Authors: van der Schaar Lab

This repository contains implementations of Clairvoyance: A Pipeline Toolkit for Medical Time Series for the following applications.

  • Time-series prediction (one-shot and online)
  • Transfer learning
  • Individualized time-series treatment effects (ITE) estimation
  • Active sensing on time-series data
  • AutoML

All API files for those applications can be found in /api folder. All tutorials for those applications can be found in /tutorial folder.

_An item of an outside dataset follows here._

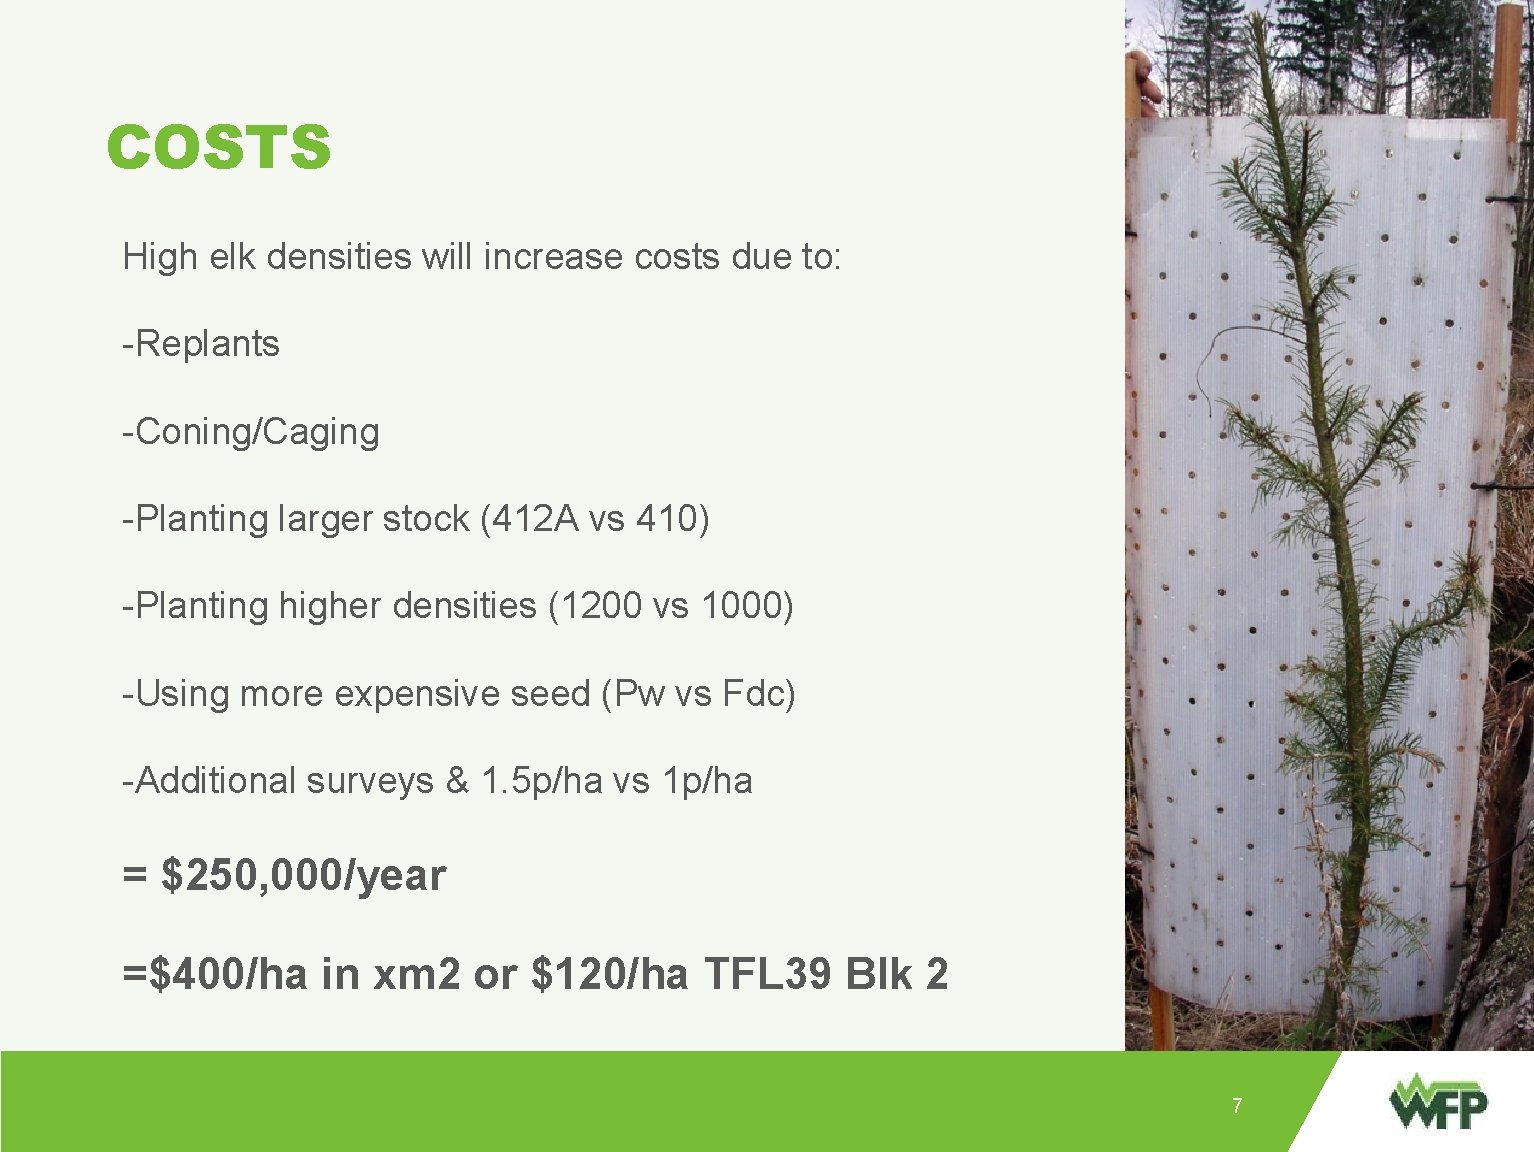 COSTS High elk densities will increase costs due to: -Replants -Coning/Caging -Planting larger stock

Block diagram of Clairvoyance

Installation

There are currently two ways of installing the required dependencies: using Docker or using Conda.

Note on Requirements

  • Clairvoyance has been tested on Ubuntu 20.04, but should be broadly compatible with common Linux systems.
  • The Docker installation method is additionally compatible with Mac and Windows systems that support Docker.
  • Hardware requirements depends on the underlying ML models used, but a machine that can handle ML research tasks is recommended.
  • For faster computation, CUDA-capable Nvidia card is recommended (follow the CUDA-enabled installation steps below).

Docker installation

  1. Install Docker on your system: https://docs.docker.com/get-docker/.
  2. [Required for CUDA-enabled installation only] Install Nvidia container runtime: https://github.com/NVIDIA/nvidia-container-runtime/.
    • Assumes Nvidia drivers are correctly installed on your system.
  3. Get the latest Clairvoyance Docker image:
    $ docker pull clairvoyancedocker/clv:latest
  4. To run the Docker container as a terminal, execute the below from the Clairvoyance repository root:
    $ docker run -i -t --gpus all --network host -v $(pwd)/datasets/data:/home/clvusr/clairvoyance/datasets/data clairvoyancedocker/clv
    • Explanation of the docker run arguments:
      • -i -t: Run a terminal session.
      • --gpus all: [Required for CUDA-enabled installation only], passes your GPU(s) to the Docker container, otherwise skip this option.
      • --network host: Use your machine's network and forward ports. Could alternatively publish ports, e.g. -p 8888:8888.
      • -v $(pwd)/datasets/data:/home/clvusr/clairvoyance/datasets/data: Share directory/ies with the Docker container as volumes, e.g. data.
      • clairvoyancedocker/clv: Specifies Clairvoyance Docker image.
    • If using Windows:
      • Use PowerShell and first run the command $pwdwin = $(pwd).Path. Then use $pwdwin instead of $(pwd) in the docker run command.
    • If using Windows or Mac:
      • Due to how Docker networking works, replace --network host with -p 8888:8888.
  5. Run all following Clairvoyance API commands, jupyter notebooks etc. from within this Docker container.

Conda installation

Conda installation has been tested on Ubuntu 20.04 only.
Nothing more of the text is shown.